● **Records for the task**:

++++

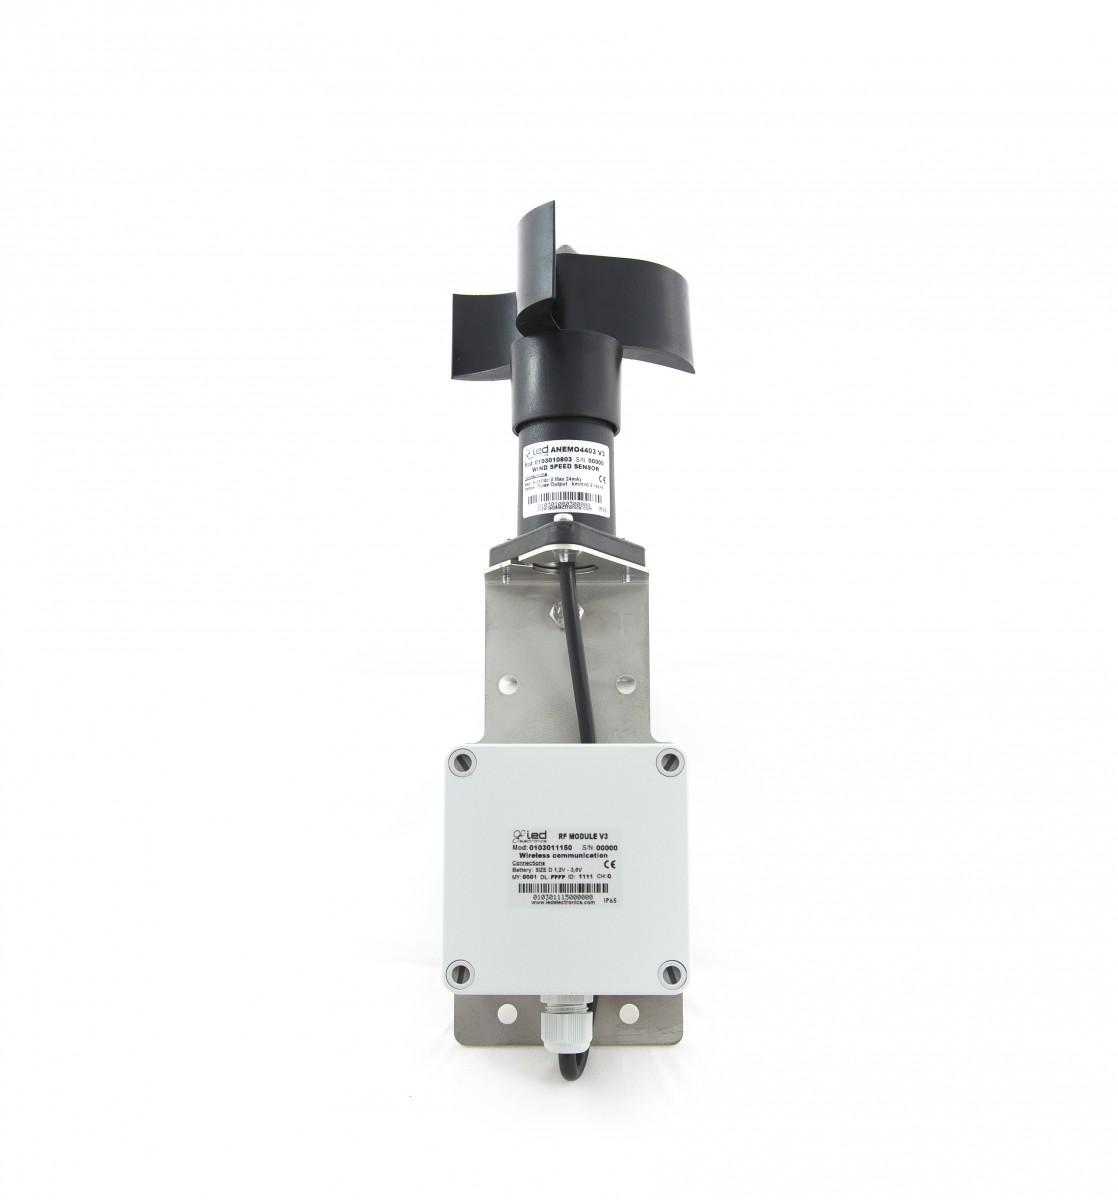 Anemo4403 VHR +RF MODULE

++++

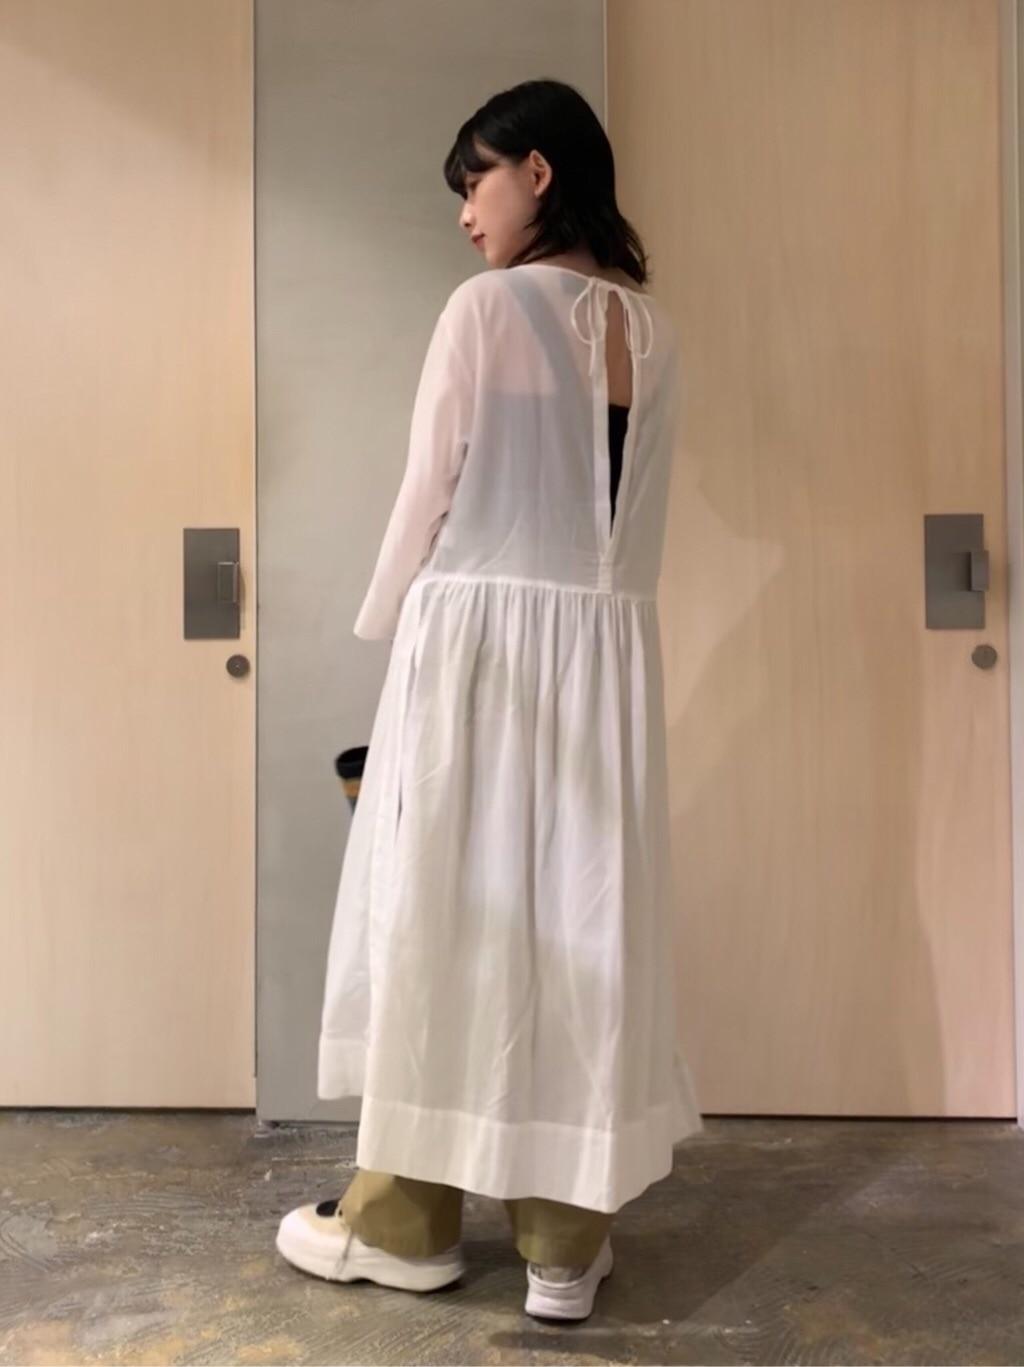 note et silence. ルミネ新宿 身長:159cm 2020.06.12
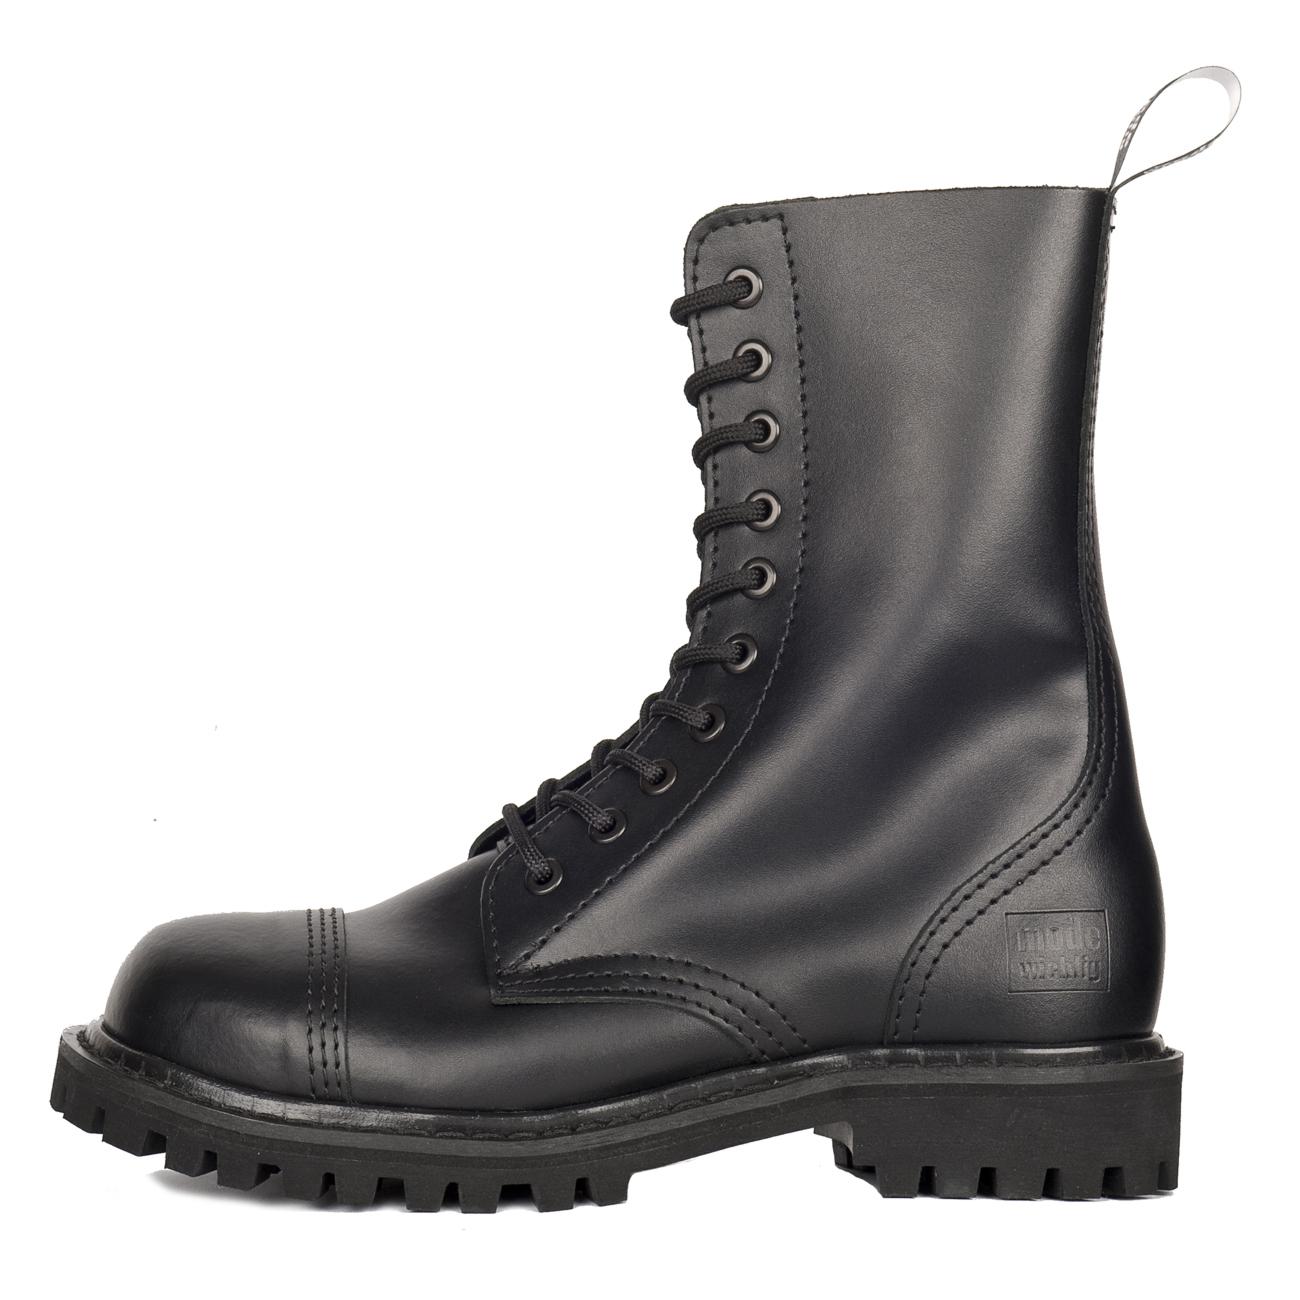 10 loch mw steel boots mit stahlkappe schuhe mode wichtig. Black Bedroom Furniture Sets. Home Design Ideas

++++

● **What you have to do**:
After locating "note et silence. ルミネ新宿 身長:159cm 2020.06.12" and "10 loch mw steel" in the records above, return exactly the line holding each one and every line between them; leave out the pictures.

● **Result**:
 note et silence. ルミネ新宿 身長:159cm 2020.06.12
 10 loch mw steel boots mit stahlkappe schuhe mode wichtig. Black Bedroom Furniture Sets. Home Design Ideas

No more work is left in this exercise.